[TASK TO CARRY OUT]
Your answer must hold only the lines below from the line containing "Pánské tričko Bella" through the line containing "Düzcespor Kayyum Başkanı", each reproduced exactly.

### RECORDS FOR PROCESSING

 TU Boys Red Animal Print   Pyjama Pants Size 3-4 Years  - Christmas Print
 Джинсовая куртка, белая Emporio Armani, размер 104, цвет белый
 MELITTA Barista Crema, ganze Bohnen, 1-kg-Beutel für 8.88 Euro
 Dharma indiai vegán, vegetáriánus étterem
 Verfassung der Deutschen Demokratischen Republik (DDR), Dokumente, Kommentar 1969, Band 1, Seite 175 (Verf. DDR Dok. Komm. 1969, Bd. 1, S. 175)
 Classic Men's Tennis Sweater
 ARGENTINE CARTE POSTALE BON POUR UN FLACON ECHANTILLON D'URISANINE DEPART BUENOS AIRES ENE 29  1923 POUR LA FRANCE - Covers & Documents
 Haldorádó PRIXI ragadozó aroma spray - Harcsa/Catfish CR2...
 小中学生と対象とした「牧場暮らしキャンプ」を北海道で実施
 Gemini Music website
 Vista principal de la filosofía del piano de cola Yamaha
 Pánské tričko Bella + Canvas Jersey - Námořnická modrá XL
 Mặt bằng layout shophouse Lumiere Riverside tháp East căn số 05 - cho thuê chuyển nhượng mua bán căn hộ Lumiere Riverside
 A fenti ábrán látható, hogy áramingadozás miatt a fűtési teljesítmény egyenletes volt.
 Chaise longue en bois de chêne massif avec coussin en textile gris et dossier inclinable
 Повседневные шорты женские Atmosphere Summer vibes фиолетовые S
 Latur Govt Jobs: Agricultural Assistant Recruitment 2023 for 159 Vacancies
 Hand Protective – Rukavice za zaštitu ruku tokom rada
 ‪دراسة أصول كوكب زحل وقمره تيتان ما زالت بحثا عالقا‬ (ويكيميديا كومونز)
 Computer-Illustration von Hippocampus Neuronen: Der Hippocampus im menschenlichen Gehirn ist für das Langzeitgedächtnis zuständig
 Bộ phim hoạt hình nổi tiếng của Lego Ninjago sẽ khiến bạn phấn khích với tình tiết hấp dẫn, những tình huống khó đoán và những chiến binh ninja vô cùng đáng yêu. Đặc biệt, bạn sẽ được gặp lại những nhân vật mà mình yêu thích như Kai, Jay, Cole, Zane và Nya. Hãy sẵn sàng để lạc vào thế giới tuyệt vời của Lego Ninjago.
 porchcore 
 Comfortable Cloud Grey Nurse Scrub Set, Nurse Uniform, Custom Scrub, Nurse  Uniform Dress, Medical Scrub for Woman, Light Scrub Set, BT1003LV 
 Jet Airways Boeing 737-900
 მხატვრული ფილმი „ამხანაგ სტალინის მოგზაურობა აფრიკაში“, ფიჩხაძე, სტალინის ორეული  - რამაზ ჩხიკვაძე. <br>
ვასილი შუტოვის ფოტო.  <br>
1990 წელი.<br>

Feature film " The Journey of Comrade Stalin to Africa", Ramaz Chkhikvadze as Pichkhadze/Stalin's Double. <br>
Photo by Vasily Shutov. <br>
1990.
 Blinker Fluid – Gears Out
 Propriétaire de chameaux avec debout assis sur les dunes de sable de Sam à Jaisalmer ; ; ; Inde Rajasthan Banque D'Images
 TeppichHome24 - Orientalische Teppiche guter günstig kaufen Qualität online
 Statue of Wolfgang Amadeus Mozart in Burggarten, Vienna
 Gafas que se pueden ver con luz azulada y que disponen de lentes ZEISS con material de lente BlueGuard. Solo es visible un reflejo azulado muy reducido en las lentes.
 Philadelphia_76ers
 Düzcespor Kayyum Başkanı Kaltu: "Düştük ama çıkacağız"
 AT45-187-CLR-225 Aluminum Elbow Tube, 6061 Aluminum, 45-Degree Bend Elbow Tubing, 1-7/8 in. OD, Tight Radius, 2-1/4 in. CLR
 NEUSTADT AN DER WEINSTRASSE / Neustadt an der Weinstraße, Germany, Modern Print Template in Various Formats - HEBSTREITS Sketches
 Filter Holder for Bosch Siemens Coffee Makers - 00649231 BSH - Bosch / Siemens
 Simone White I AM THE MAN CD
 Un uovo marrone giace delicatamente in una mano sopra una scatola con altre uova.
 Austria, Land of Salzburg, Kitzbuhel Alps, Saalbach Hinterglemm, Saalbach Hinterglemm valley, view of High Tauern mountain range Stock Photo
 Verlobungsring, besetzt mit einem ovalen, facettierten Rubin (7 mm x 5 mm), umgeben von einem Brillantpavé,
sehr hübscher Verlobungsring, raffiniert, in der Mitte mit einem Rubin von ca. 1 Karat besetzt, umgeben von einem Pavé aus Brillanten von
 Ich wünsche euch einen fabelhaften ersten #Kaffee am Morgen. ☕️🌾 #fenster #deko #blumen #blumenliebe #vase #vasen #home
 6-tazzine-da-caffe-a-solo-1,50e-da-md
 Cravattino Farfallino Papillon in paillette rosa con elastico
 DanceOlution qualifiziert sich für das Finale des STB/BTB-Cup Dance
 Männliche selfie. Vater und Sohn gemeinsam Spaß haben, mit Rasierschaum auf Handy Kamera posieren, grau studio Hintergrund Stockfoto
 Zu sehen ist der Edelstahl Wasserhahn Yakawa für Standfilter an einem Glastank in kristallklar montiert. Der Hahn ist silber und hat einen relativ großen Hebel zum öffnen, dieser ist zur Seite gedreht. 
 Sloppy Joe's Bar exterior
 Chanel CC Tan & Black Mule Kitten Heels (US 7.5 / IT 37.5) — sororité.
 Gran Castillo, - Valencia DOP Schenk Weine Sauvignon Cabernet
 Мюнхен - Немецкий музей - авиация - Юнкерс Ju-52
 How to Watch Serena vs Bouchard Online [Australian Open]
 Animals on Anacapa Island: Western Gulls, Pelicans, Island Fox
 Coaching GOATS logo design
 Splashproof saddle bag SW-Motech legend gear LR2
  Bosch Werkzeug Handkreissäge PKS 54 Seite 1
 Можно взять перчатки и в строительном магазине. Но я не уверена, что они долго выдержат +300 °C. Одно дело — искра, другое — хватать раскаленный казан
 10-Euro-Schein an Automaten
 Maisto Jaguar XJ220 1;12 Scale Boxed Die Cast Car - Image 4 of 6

######

[EXERCISE RESULT]
 Pánské tričko Bella + Canvas Jersey - Námořnická modrá XL
 Mặt bằng layout shophouse Lumiere Riverside tháp East căn số 05 - cho thuê chuyển nhượng mua bán căn hộ Lumiere Riverside
 A fenti ábrán látható, hogy áramingadozás miatt a fűtési teljesítmény egyenletes volt.
 Chaise longue en bois de chêne massif avec coussin en textile gris et dossier inclinable
 Повседневные шорты женские Atmosphere Summer vibes фиолетовые S
 Latur Govt Jobs: Agricultural Assistant Recruitment 2023 for 159 Vacancies
 Hand Protective – Rukavice za zaštitu ruku tokom rada
 ‪دراسة أصول كوكب زحل وقمره تيتان ما زالت بحثا عالقا‬ (ويكيميديا كومونز)
 Computer-Illustration von Hippocampus Neuronen: Der Hippocampus im menschenlichen Gehirn ist für das Langzeitgedächtnis zuständig
 Bộ phim hoạt hình nổi tiếng của Lego Ninjago sẽ khiến bạn phấn khích với tình tiết hấp dẫn, những tình huống khó đoán và những chiến binh ninja vô cùng đáng yêu. Đặc biệt, bạn sẽ được gặp lại những nhân vật mà mình yêu thích như Kai, Jay, Cole, Zane và Nya. Hãy sẵn sàng để lạc vào thế giới tuyệt vời của Lego Ninjago.
 porchcore 
 Comfortable Cloud Grey Nurse Scrub Set, Nurse Uniform, Custom Scrub, Nurse  Uniform Dress, Medical Scrub for Woman, Light Scrub Set, BT1003LV 
 Jet Airways Boeing 737-900
 მხატვრული ფილმი „ამხანაგ სტალინის მოგზაურობა აფრიკაში“, ფიჩხაძე, სტალინის ორეული  - რამაზ ჩხიკვაძე. <br>
ვასილი შუტოვის ფოტო.  <br>
1990 წელი.<br>

Feature film " The Journey of Comrade Stalin to Africa", Ramaz Chkhikvadze as Pichkhadze/Stalin's Double. <br>
Photo by Vasily Shutov. <br>
1990.
 Blinker Fluid – Gears Out
 Propriétaire de chameaux avec debout assis sur les dunes de sable de Sam à Jaisalmer ; ; ; Inde Rajasthan Banque D'Images
 TeppichHome24 - Orientalische Teppiche guter günstig kaufen Qualität online
 Statue of Wolfgang Amadeus Mozart in Burggarten, Vienna
 Gafas que se pueden ver con luz azulada y que disponen de lentes ZEISS con material de lente BlueGuard. Solo es visible un reflejo azulado muy reducido en las lentes.
 Philadelphia_76ers
 Düzcespor Kayyum Başkanı Kaltu: "Düştük ama çıkacağız"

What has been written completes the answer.